The possibilities seemed endless. But as it turns out, life has decided otherwise.
From those days in my room with the tape deck to that moment in Stavanger has been an amazing journey. So farewell, James, and thank you. I will keep your music and the memories with me for the rest of my life.
I was early at Abbey Road, but just standing outside and watching is fun. Lots of tourists at any given time, and annoyed motorists as everybody wants to cross the street like the Beatles. The first one I saw outside was Tony Hinnigan, and later James Horner arrived in a limo. Of course, nobody recognized him. Then Dean Wright came and took a lot of pictures and I followed him inside.

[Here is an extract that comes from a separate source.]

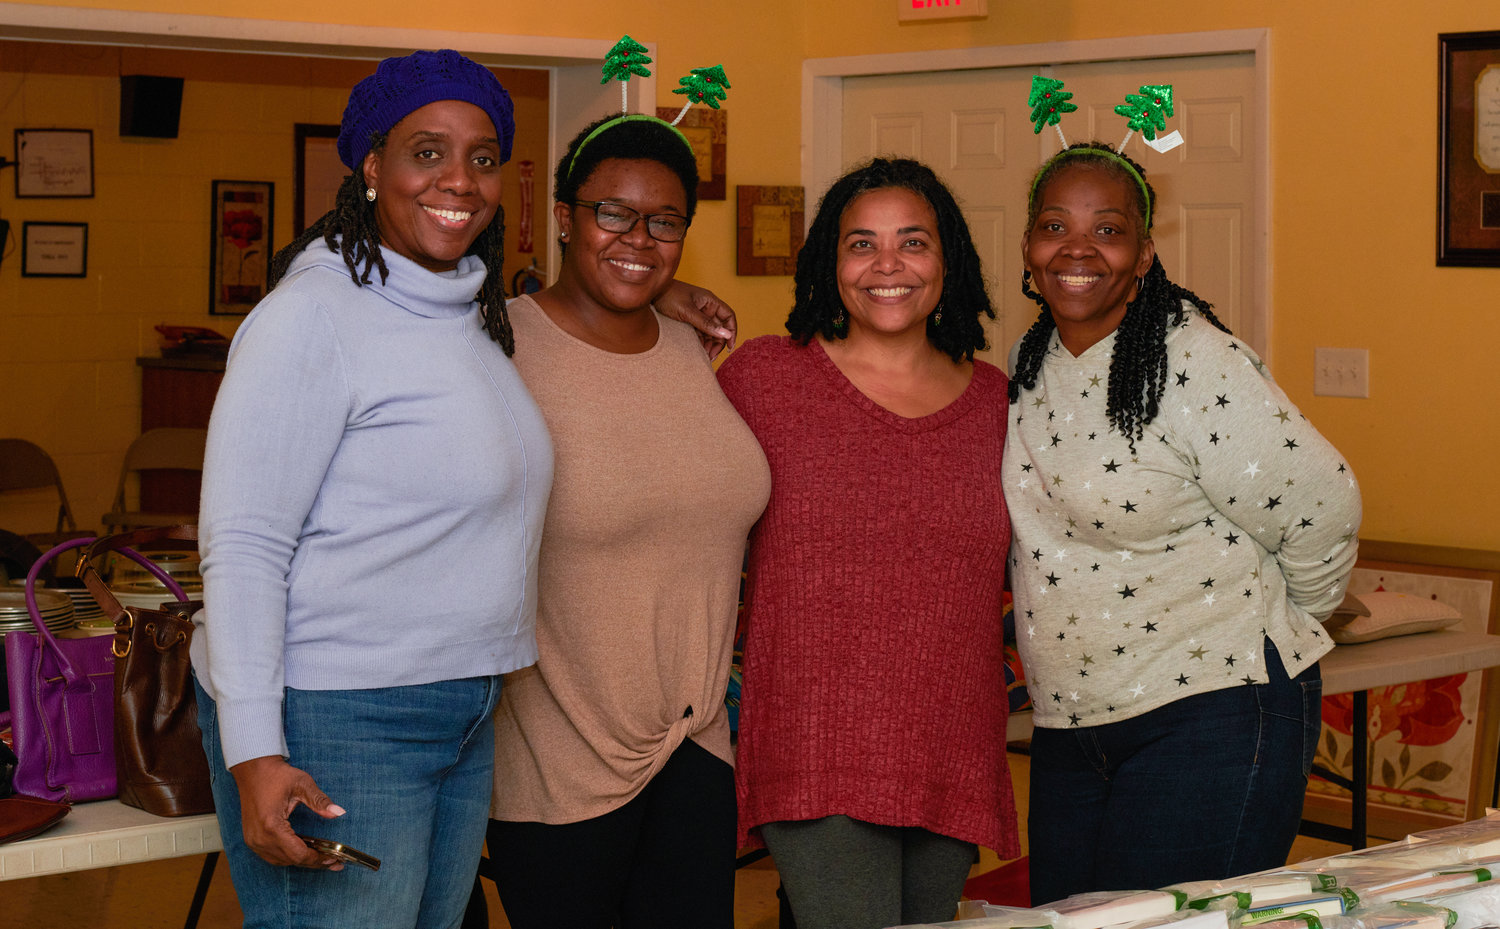 Members of Community Organizing for Racial Equity (CORE) and Union Taylors Community Center helped to direct individuals at the fundraiser at Taylors Chapel Missionary Baptist Church. Pictured here left to right: Stephanie Terry, Michelle Wright, Karinda Roebuck and Samantha Goldston.

A very friendly assistant named Polly came to reception and we went downstairs to Studio 1. In the control room Polly introduced me to everyone and Dean took me to the studio immediatly and told me all kind of stuff about the sessions. He´s pretty enthousiastic (who can blame him) and I told him that he´s a lucky guy to have James compose the music. I sat on one of the sofas and the session started. What was new for me being there (if you have seen a lot of session footage, it´s not much of a difference to being there actually) is the role of Simon Rhodes. It´s not just about mixing, he actually decides if a track is played properly or if someone was out of tune and they´d have to do it again.
Sometime around the morning sessions I was introduced to Mr. Horner who was very kind and nice and knew pretty much all the details about the planning of my trip. But he was off quickly as there were new tracks to record. What is interesting is that he´s pretty much the smallest person around and the one who talks the least and pretty quietly. When I went upstairs to listen to some cues from the balcony I was introduced to Simon Franglen who showed me a mock-up of War from Avatar on his Mac. Pretty interesting stuff.
Although the auction was for only ½ a day, it was pretty clear I could stay the whole day so I went to lunch with the producer Paolo, Dean, Jim Henrikson, Dick Bernstein and Simon Franglen. They talked about movies, and I didn´t say much, just listened. In the afternoon there was an ensemble playing some mexican music. They practiced for about 2 hours until James went in and just listened. They recorded it, and it was done. Pretty cool how the band just improvised a great tune.
Photo credit: © Karim Chammas
When it all was over, Mr. Horner came over to me and we talked for a while about his last projects (especially the flying stuff), his times at Abbey Road and how it has changed over time technically. I asked him to sign my cd (The New World), which he did and he invited me back for Saturday (the choir session) and it was even ok for my wife to come along. Then we watched the end credits and during that he went off to Simon. I must say that probably the most special moment was sitting next to James Horner watching an end credits suite. So cool. The music is great, even my wife liked it (she´s very critical). I had tears in my eyes. We watched it again on Saturday and the chief of the London Voices was sitting in front of me, and when it was over he said quietly “beautiful”. When it was time for lunch, I went over to James Horner, thanked him for having us and for his music and that was it. We had another two great days in London and went home.